From the darkness, his name was called. "Ray?"

Ray nearly jumped off the bed but he held his ground breathing quickly. "Ye-yeah Benny?"

Sensing his friend's uneasiness, Fraser quietly asked, "I thought you said we were just friends?"

Swallowing hard, Ray replied, "We are friends."

"Ah." Fraser couldn't hear the gesture but he knew Ray was rolling his eyes.

"Benny, just how long have you been listening?"

"For a while."

"Fraser, how long?"

Fraser contemplated on telling the truth or a little fib but opted for the truth as always. "Since you opened your bedroom door."

"You heard me from down the hall?"

"Yes."

Ray dropped his head in his hands out of embarrassment. This was not how it was supposed to go. Of course, it wasn't "supposed to go" anywhere.

"Ray?"

"Yeah, Benny?"

"Are you alright?"

"Sure Benny, I'm great," Ray said sarcastically. "I just feel like my skin has been peeled back and every nerve exposed is throbbing but other than that I'm fine."

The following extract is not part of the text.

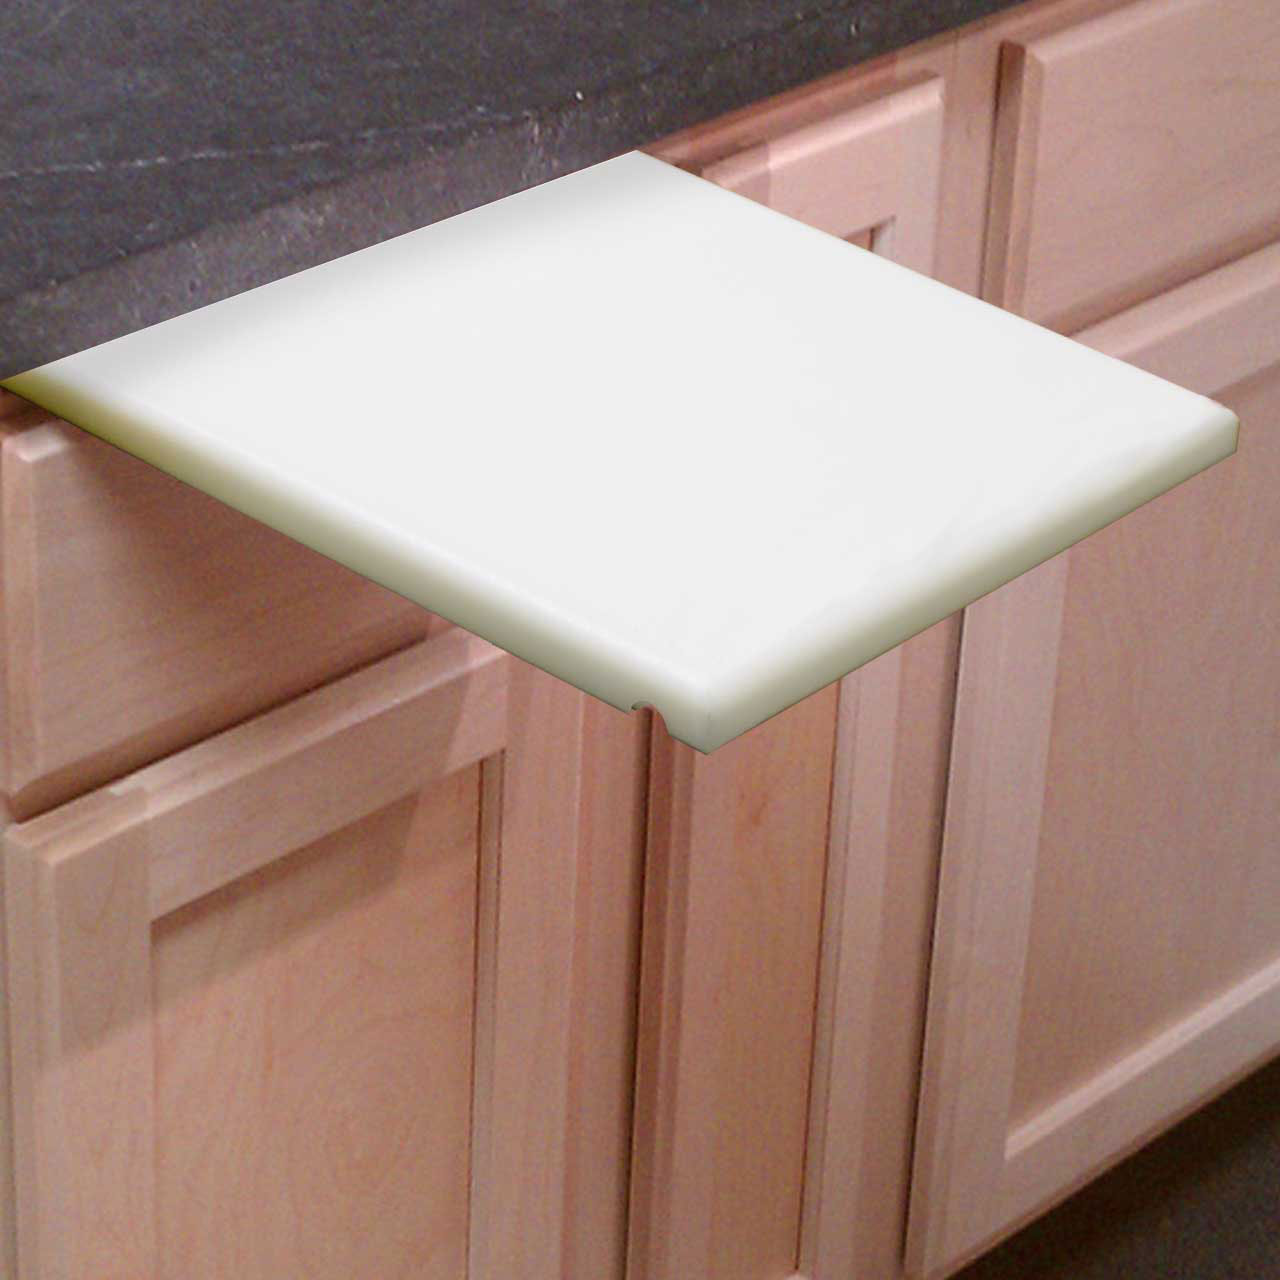  3/4 White Poly Cutting Board - A Cut Above

"You don't sound fine," Fraser commented, in an effort to push Ray into admitting he wasn't fine as he claimed to be.

A quick, short exhale of air through his nose was Ray's only response. It always amused Ray at how literal Fraser could be. "No, Benny, I'm not fine."

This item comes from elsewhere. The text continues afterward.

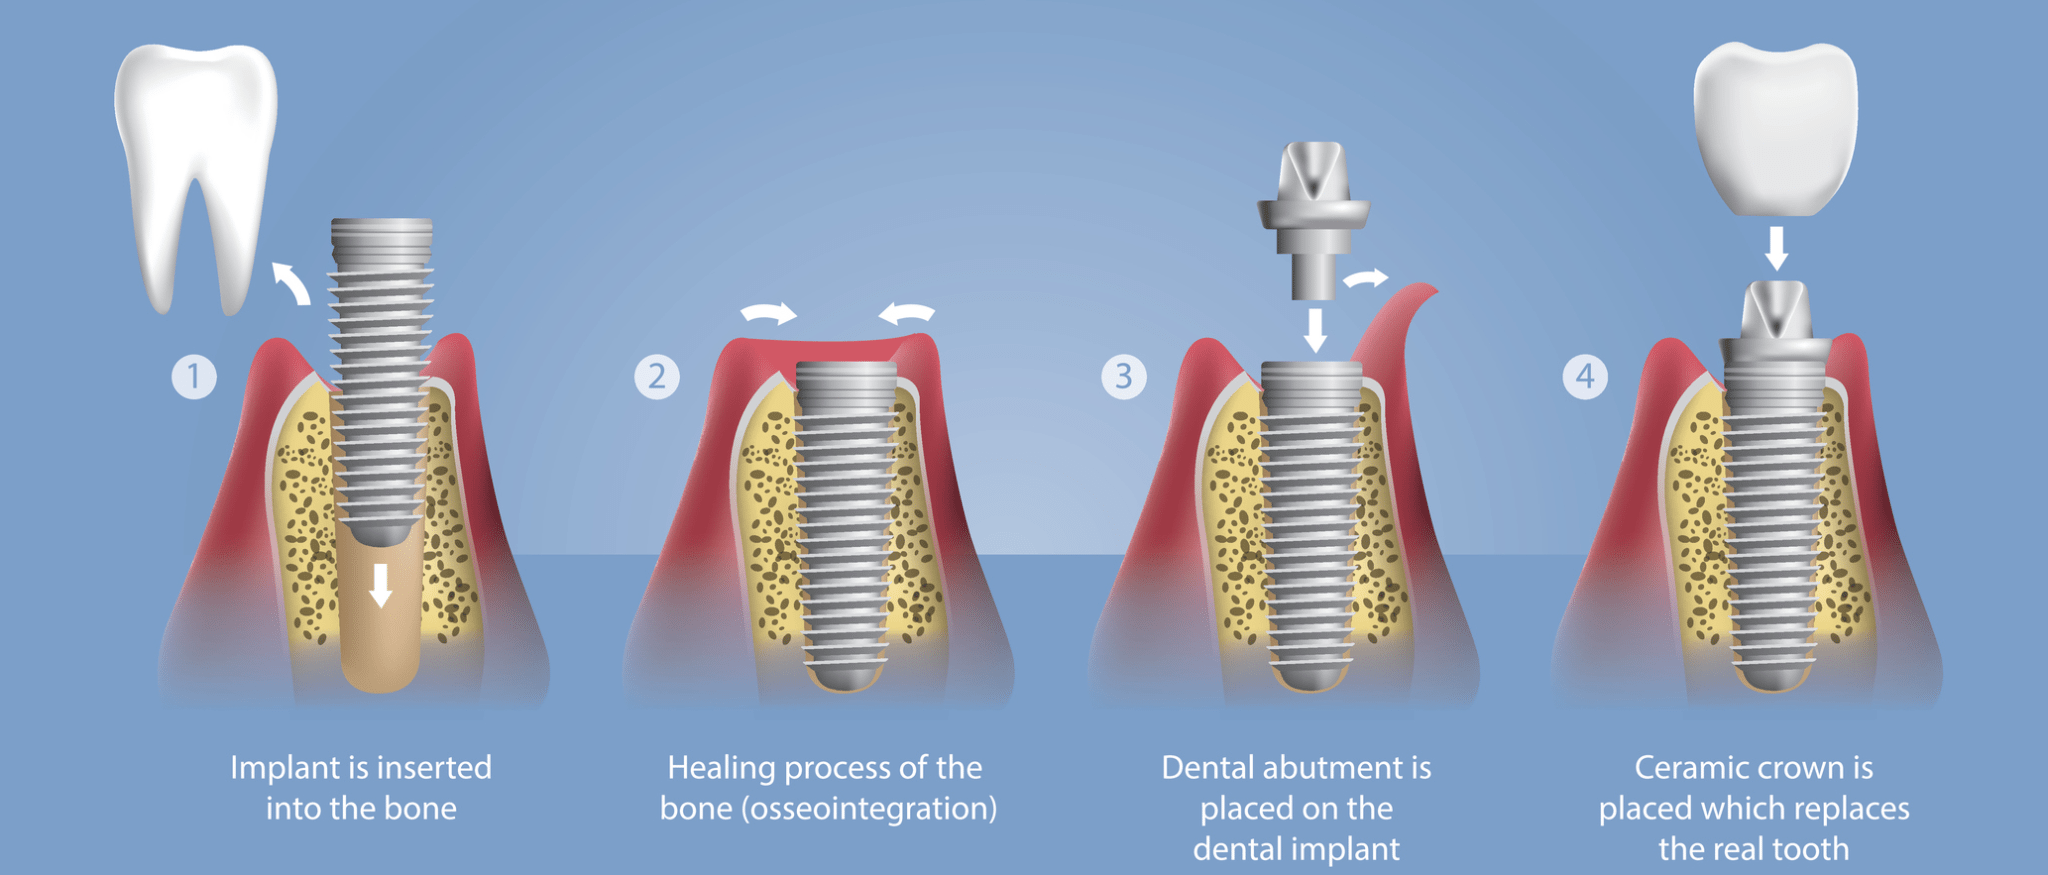 dental implant procedure for missing teeth implant dentist Florence SC

Fraser sat up, drawing his knees up to his chest and wrapping his arms around them. This was a dream, a weird and wonderful dream. He needed to be pinched to make sure it wasn't and yet he didn't dare for fear if it was a dream, it would be all over. "Ray . . . "

"Listen Benny," Ray began as he stood up. "Let's just forget this ever happened. I didn't come in here. You didn't hear me. This conversation never happened. You and me are best friends and nothing more." Crossing back through the dark room, Ray opened the door. "Good night Benny."

"But Ray . . ."

Ray stopped, turned and reiterated sternly, "Good Night Benny." He closed the door behind him.

"Oh dear."


The room was dark as the lone figure opened and closed the bedroom door. It was nearing six in the morning, his usual wake up time but this morning he hadn't been sleeping. He couldn't sleep after the short and abrupt discussion with his best friend. So after a couple hours of thinking and tossing and turning, Fraser decided he needed to confront the issue at hand. Ray had admitted he loved him. Ray had admitted his feelings and didn't give Fraser the chance to explain his own feelings. Ray didn't give Fraser the chance to say he wasn't scared by this revelation and that he would never reject Ray. He could never reject Ray. It just wasn't in his being to do so.

Palpitating, that was the feeling he felt in his chest as he listened to Ray's confession. If he had been standing, Fraser was sure that he would have felt dizzy at that very moment. And yet, as much as he returned the affections Ray had towards him - he couldn't get himself to move or say how he felt. Granted Ray wouldn't let him get a word in edgewise but he could have been more forceful or demanding that he be heard but then again, that just wasn't the way Fraser operated.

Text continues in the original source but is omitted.